Despite a fantastic sunrise during our train ride from Paris, we arrived to a dreary looking day as we entered the La Rochelle station. Heading out we hopped onto the bus to Île de Ré. This bus comes regularly (the timetables are posted at the bus stops) and it’ll cost you 5 EUR, one way, which you purchase from the driver. We say Bonjour, and since we didn’t yet know the route of the bus, show him the Airbnb pinned on our Google map and ask in broken French which stop is the closest to the pin. He scrolls on the map a bit and declares a stop, a little too quickly for us to understand, so we reply “ah, merci”! and take a seat. Luckily, if the driver knows where you’re stopping they will tell you when you’ve arrived, which we found extremely helpful throughout the multiple bus rides that day.
We started in the first town, Rivedoux-Plage, to drop our bags at the AirBnB “à fleur de bois”. The neighborhood was quaint, mostly one way streets; an older gentleman above us roofing a new building. The simple houses were wrapped in low white walls reminiscent of the Mediterranean. There was some underground construction going on the street just before the AirBnB and a tractor blocked much of the walkway – we could barely squeeze by with both our backpacks on, so the construction workers offered to help us with our bags as we sidled pass. The apartment is luxurious and spacious, especially after Paris – it even has a walk-in closet. The kitchenette was perfect for cooking our dinner in and we would definitely come back again when the season is right.
Most shops and restaurants are already closed up by early November; it’s a really, really sleepy island during the off season.
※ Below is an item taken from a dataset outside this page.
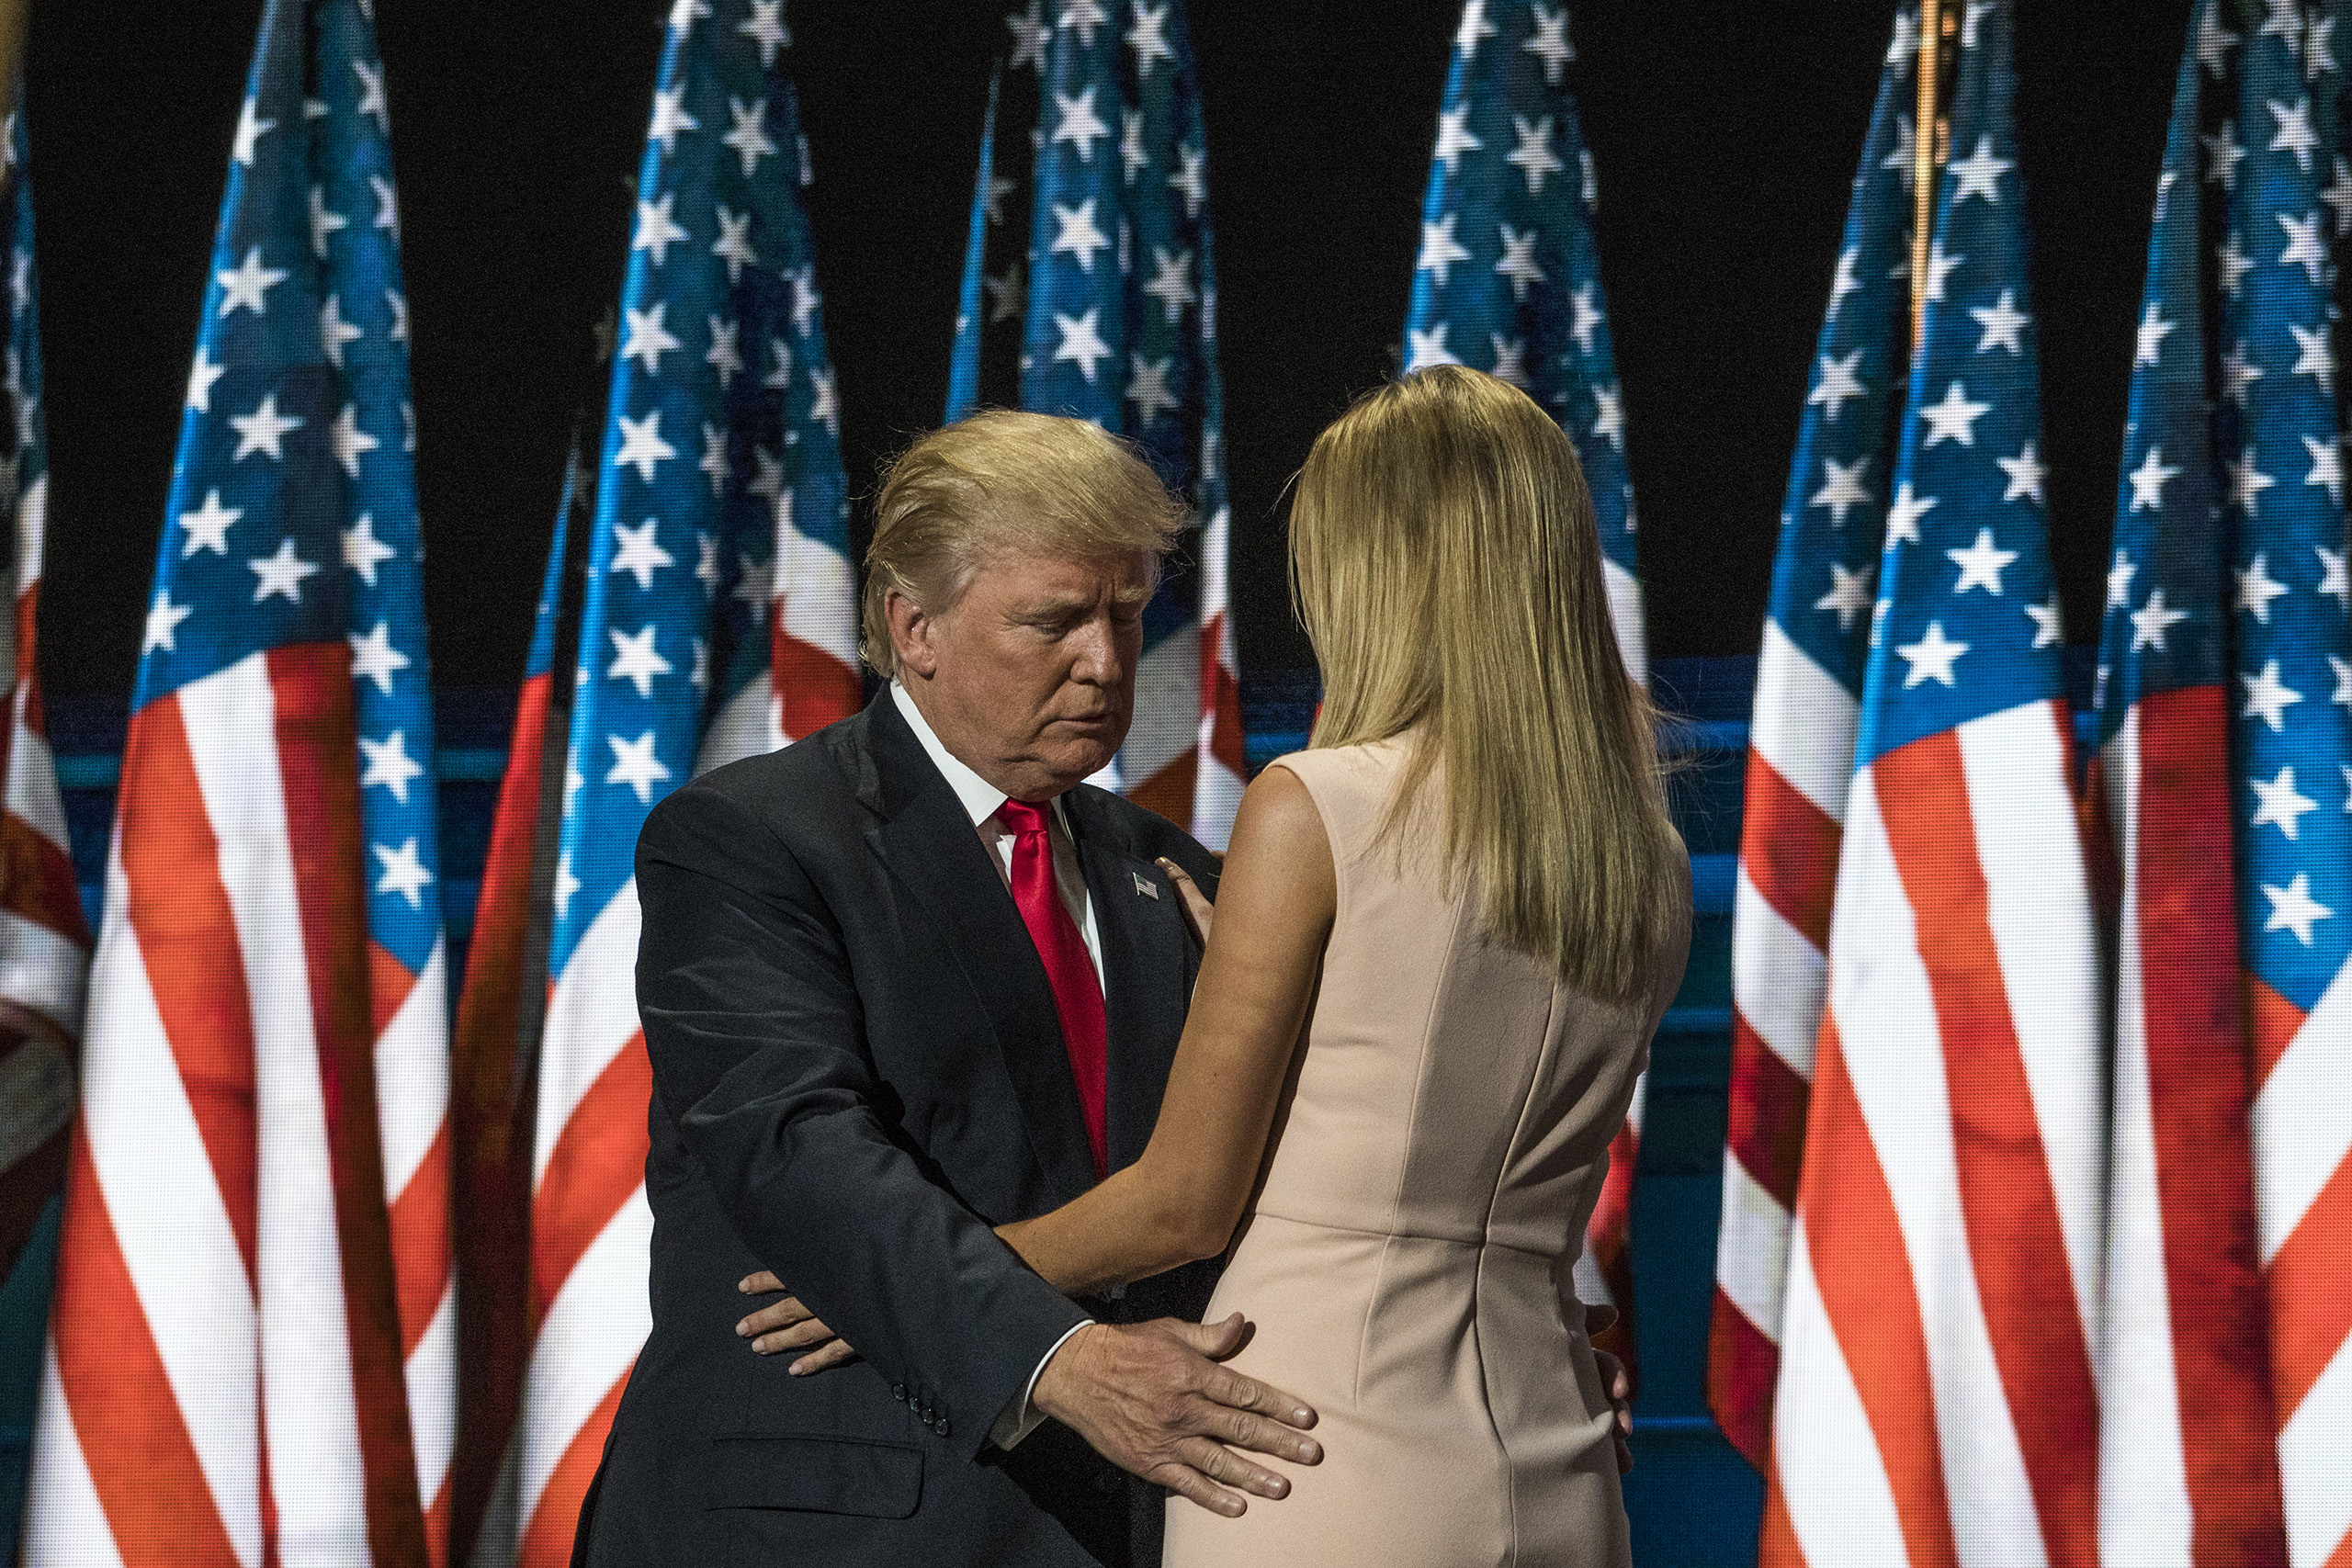 Republican presidential candidate Donald Trump walks on stage after his daughter, Ivanka Trump, introduced him on the fourth day of the Republican National Convention on July 21, 2016 at the Quicken Loans Arena in Cleveland, Ohio.

Luckily the bus system was still good, and rather luxurious compared to your typical American bus, but not that frequent and it’ll cost you a euro each trip. The villages are a little far to walk, but it is possible. Biking would have been ideal but no shops are open for bikes or much anything else.
We took the bus intending to head to Saint Martin in hopes that the bigger village would have more open, but misunderstood that the round the island bus on stops at one stop per village. We missed our stop and ended up visiting Bois de Plage first. It was a telltale sign when the first thing off the bus was a fairly disturbing carousel with a distorted looking Pikachu and Donald Duck covered in plastic greeted us. Again nothing but empty shops and charming streets; beige buildings with the sudden pop of cobalt blue, sea green and turquoise doors or iron fencing, complemented by the rust orange roof tiles. Picturesque, straight out of a “coastal living” magazine.
We wandered a bit until our stomachs cried for attention and we decided to head back to Saint Martin to try our luck.
Though a fascinating little tower and bridge marked the beginning, our luck did not turn, and Saint Martin was almost just as quiet, though there was significantly more foot traffic. It seemed there were also a number of other French tourists visiting the town and also in the hunt for something to eat. Towards the seaside there is a small red lighthouse with a marvellously shiny viewfinder sat proudly before it. Our lunch window quickly closing, we didn’t find anything promising so we stopped in a “snack” boulangerie and grabbed a chocolate croissant and a sandwich. Sadly, though unsurprisingly, the famous Martinique was not open either, so no ice cream adventures for us in Île de Ré.
Hearts heavy, we figure the timing is just not right, so we decide to walk to La Flotte for one last attempt before resigning ourselves to meal in. The walk is not short but the day was cool and path straightforward.
Many of the beaches were mostly rock, and in La Flotte there is a stretch of shore where the rocks are mixed with mussel shells. Locals strolled by with their dogs as we sat on the wall and stared until the sky merged with sea.
We headed to the grocery store and grabbed some fixings for a dinner and breakfast, then headed to the bus stop to catch the last bus around the island back to Rivedoux-Plage.
The rest of the evening we spent enjoying the Airbnb, catching up on some editing and planning until the wifi was turned off, which we agreed it was probably for the best. The next morning we finished off our eggs, walked to the very familiar bus stop and joined a rather full bus headed back into La Rochelle. Unfortunately this time we can’t recommend much for you except to choose better timing, perhaps rent a bike or car in La Rochelle, but definitely stay at “à fleur de bois”.